This is a great and well-illustrated presentation by Chubb on the history of excessive fee litigation against sponsors of defined contribution retirement plans, on the pace of filings, on the types and sizes of plans that are being sued and on settlements of those claims. What you can see in the data is something that those of us writing on this topic years ago predicted – that the number of filings would only increase over time and that, perhaps most importantly, the size of plans targeted by plaintiffs’ lawyers would decrease, making being sued on a fee claim a potential risk for many employers who might have otherwise thought, a few years ago, that they were too small to be at risk. In a way, what has happened is sort of the opposite of the “too big to fail” mentality in financial industry regulation. For many years, plan sponsors without billion dollar plans assumed they were “too small to sue,” but as the Chubb presentation makes clear, that turned out to be wishful thinking.

The graphic presents the idea that litigation costs, defense costs, settlements and the like for these types of claims are simply going up, up and away, with no obvious end in sight, nor with any obvious rhyme or reason that would bring some certainty to this area of litigation or to predicting the potential exposures of plan sponsors. This is in many ways the point made by Dan Aronowitz in, among other blog posts, his piece on jury trials in excessive fee cases, when he points out the vagaries of rulings in this area of the law, and the lack of consistency in case outcomes.

To me, the underlying dynamic is that more and more plaintiffs’ firms have moved into this area as settlement values have gone up, and more and more cases, against smaller and smaller plans, have been filed as a result. In a way, from the perspective of an insurer, it’s a form of a death spiral, as more and more plaintiffs’ lawyers entering the area lead to more and more suits being filed, and more suits being filed leads to more and more defense costs being incurred, leading to more and more settlements being paid so as to avoid large defense bills, which in turn leads to yet more suits being filed as plaintiffs’ lawyers see those settlement numbers and decide to chase those types of settlements, thus bringing you right back to the first step in the cycle.

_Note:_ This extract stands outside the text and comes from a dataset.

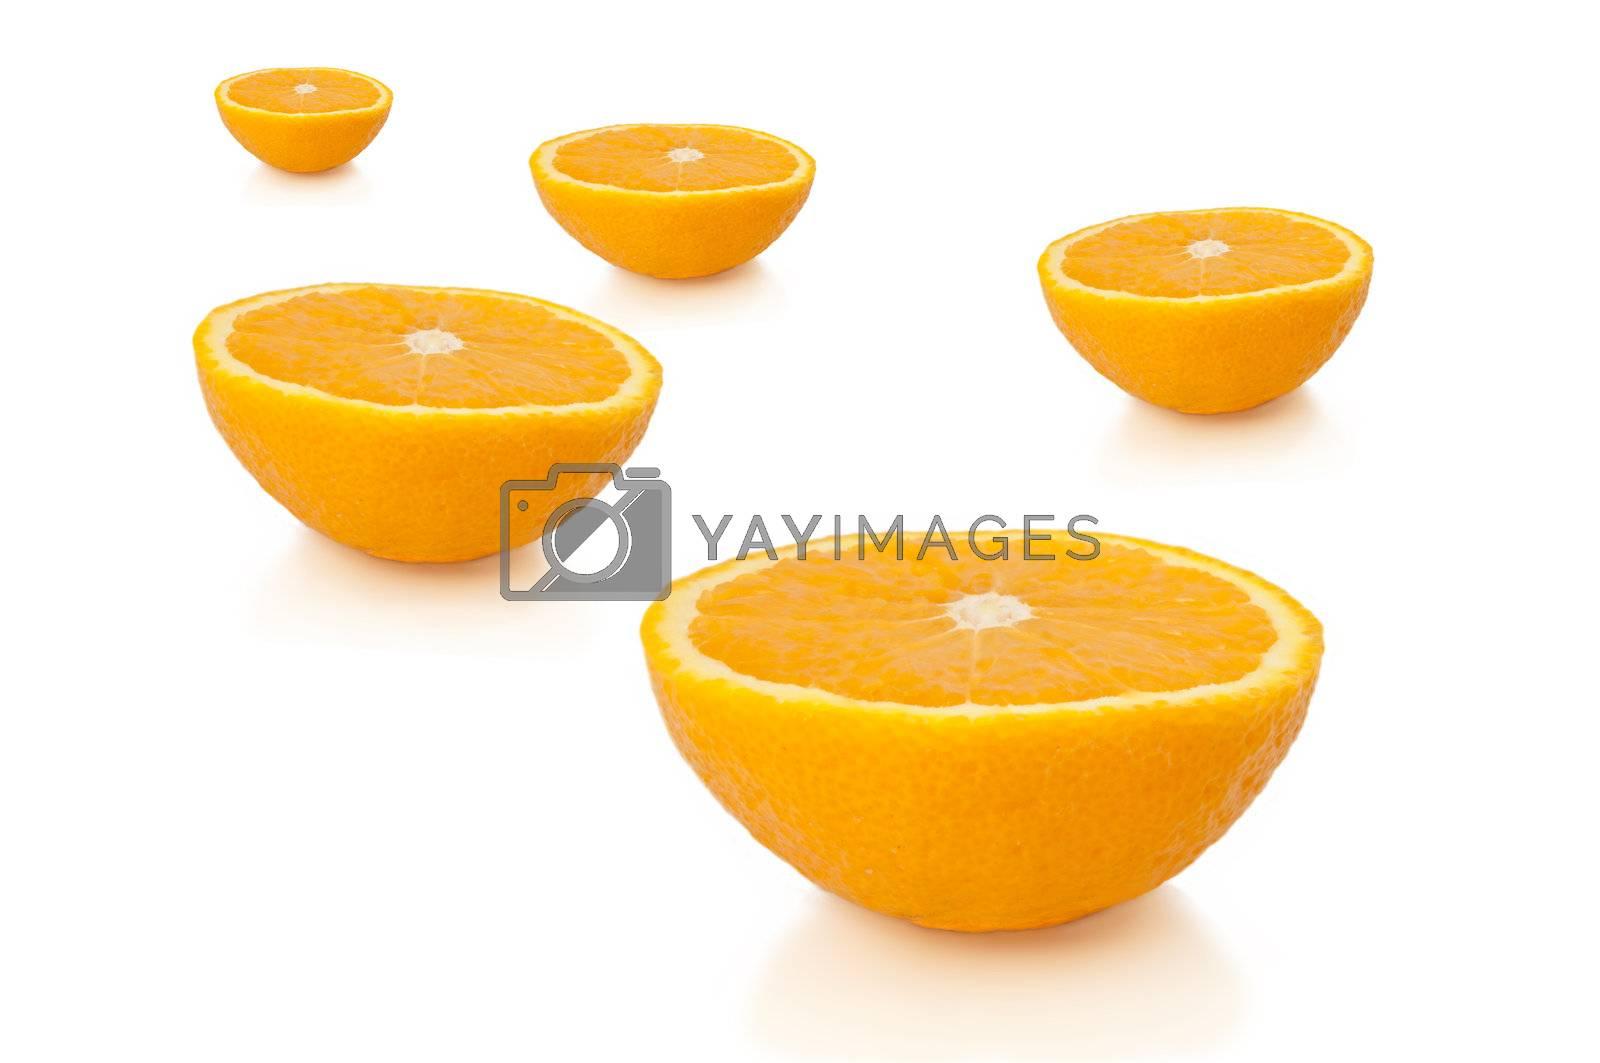 FIve freshly cut orange halves arranged over white.
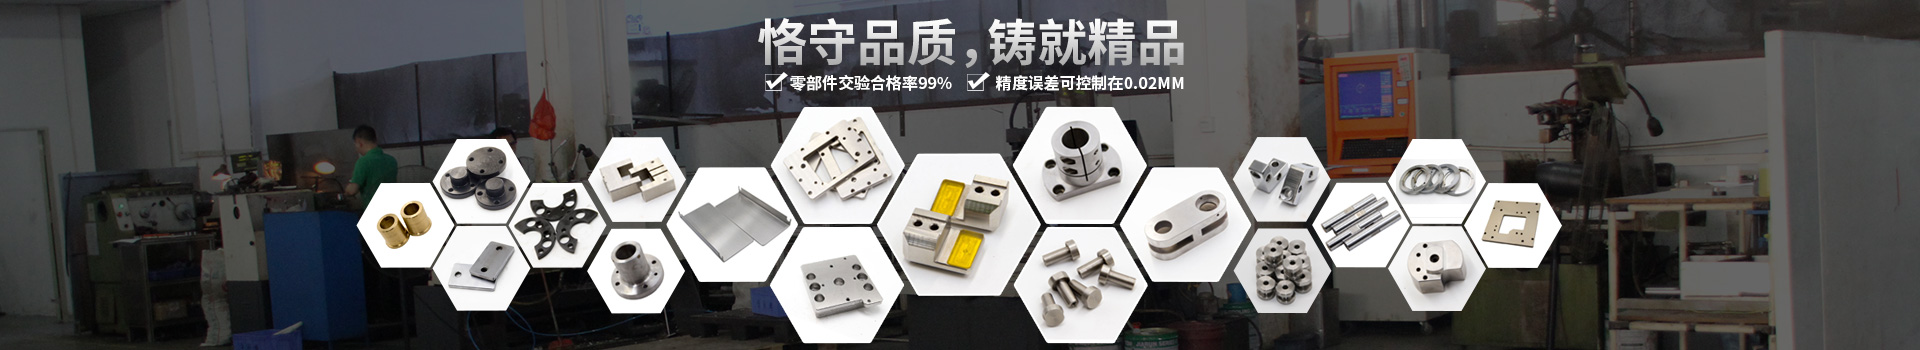 CNC精密機械加工,精密機械零件加工,深圳CNC加工廠家——恪守品質,鑄就精品

This is not, by the way, to suggest that all such claims are meritless, as thirty years of experience has taught me that, in fact, there are excessive expenses and fees buried in at least some plans, a point I made in my post about the inherent tax imposed on retirement savings in this country. However, years of litigation and corresponding improvements in practices by plan sponsors has substantially reduced this problem. Moreover, the fact that some claims have merit doesn’t mean that all do, or that some of them shouldn’t be filed at all and are effectively attempts to trigger settlements and legal fees to plaintiffs’ lawyers.

Is there a solution to this dynamic? Yes, there is, but it will cost insurers and plan sponsors defense dollars in the short term, and I am stealing it from the approach taken for many years by a major medical malpractice carrier in Massachusetts: don’t settle and instead try all cases to conclusion (assuming no resolution at the motion stage). Once it has been clearly established that plan sponsors and their insurers will try every one of these cases to a conclusion, you will quickly see the number of plaintiffs’ lawyers in this area shrink, the number of suits filed likewise shrink, the targeting of smaller plans end, and the merits of the claims that are brought dramatically increase. It will take awhile and, during that time period, require accepting a substantial increase in defense costs across the industry, but in the long run, it will reduce the number of suits, the amount of defense costs incurred and the amounts paid out in settlement, once the dynamic driving the increase in litigation in this area has been disrupted.